Patients with T2D typically have lower levels of the beneficial short-chain fatty acids (SCFA) that are produced by Bifidobacterium, Blautia, and Akkermansia. These patients also have a higher abundance of potentially pathogenic bacteria such as Shigella and Escherichia. Such dysbiosis is one of the key features of T2D that can be identified as early as the prediabetic stage.

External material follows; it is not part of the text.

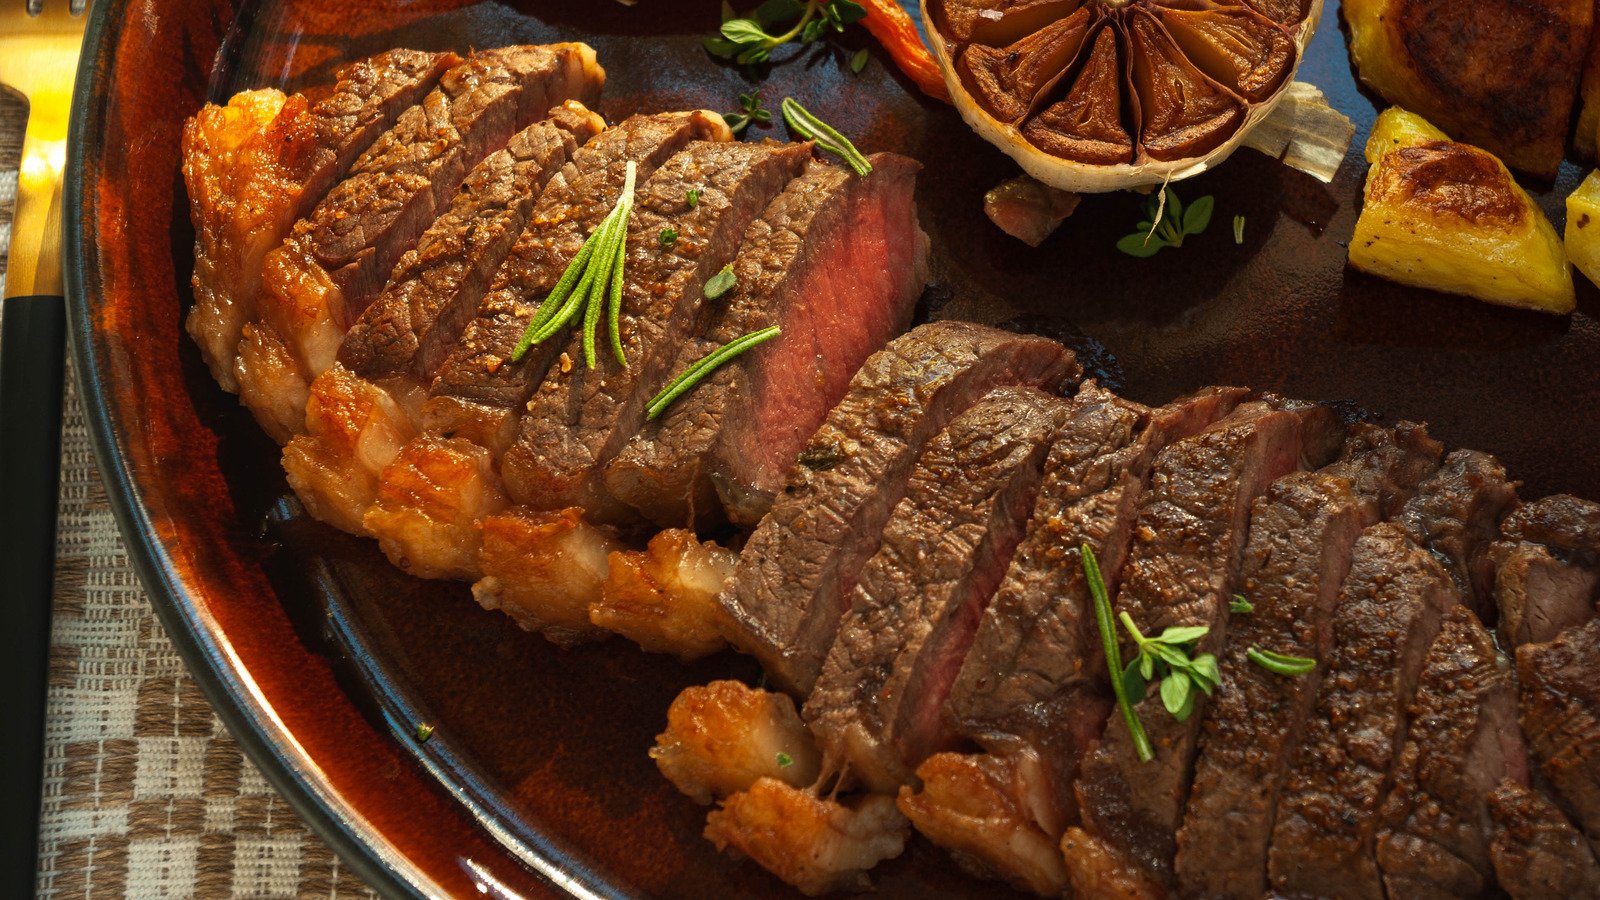 Gordon Ramsay's Steak Recipe

What is a high/low FODMAP diet?
The term FODMAPs refers to short-chain fermentable carbohydrates, including fermentable oligosaccharides, disaccharides, monosaccharides, and polyols. Some common FODMAPs include lactose, fructans, excess fructose, sorbitol, and mannitol.
Previous studies have suggested that poorly absorbed FODMAPs can trigger irritable bowel syndrome (IBS), which causes abdominal pain and flatulence. Thus, short-term consumption of a diet with low FODMAP has been observed to relieve gastrointestinal symptoms and induce changes in the gut microbiota; however, a long-term low FODMAPs diet may lead to adverse metabolic outcomes.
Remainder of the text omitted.